[Stored data entries]

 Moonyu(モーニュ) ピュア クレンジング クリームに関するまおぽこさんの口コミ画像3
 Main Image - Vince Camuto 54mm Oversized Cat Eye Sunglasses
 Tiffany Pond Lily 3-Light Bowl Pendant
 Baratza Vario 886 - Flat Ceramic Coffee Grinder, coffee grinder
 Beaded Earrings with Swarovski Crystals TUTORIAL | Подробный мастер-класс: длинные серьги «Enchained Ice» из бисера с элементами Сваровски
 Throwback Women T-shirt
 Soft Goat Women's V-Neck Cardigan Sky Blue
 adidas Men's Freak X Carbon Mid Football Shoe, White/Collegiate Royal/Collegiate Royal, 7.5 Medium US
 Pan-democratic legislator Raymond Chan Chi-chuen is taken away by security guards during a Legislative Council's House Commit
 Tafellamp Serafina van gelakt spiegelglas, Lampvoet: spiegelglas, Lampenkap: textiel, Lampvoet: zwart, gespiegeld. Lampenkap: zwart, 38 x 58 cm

• **Problem description**
Give back, word for word, the lines from the one with "Pan-democratic legislator Raymond" through the last line of the entries, both included, and no other line.

• **The completed task**
 Pan-democratic legislator Raymond Chan Chi-chuen is taken away by security guards during a Legislative Council's House Commit
 Tafellamp Serafina van gelakt spiegelglas, Lampvoet: spiegelglas, Lampenkap: textiel, Lampvoet: zwart, gespiegeld. Lampenkap: zwart, 38 x 58 cm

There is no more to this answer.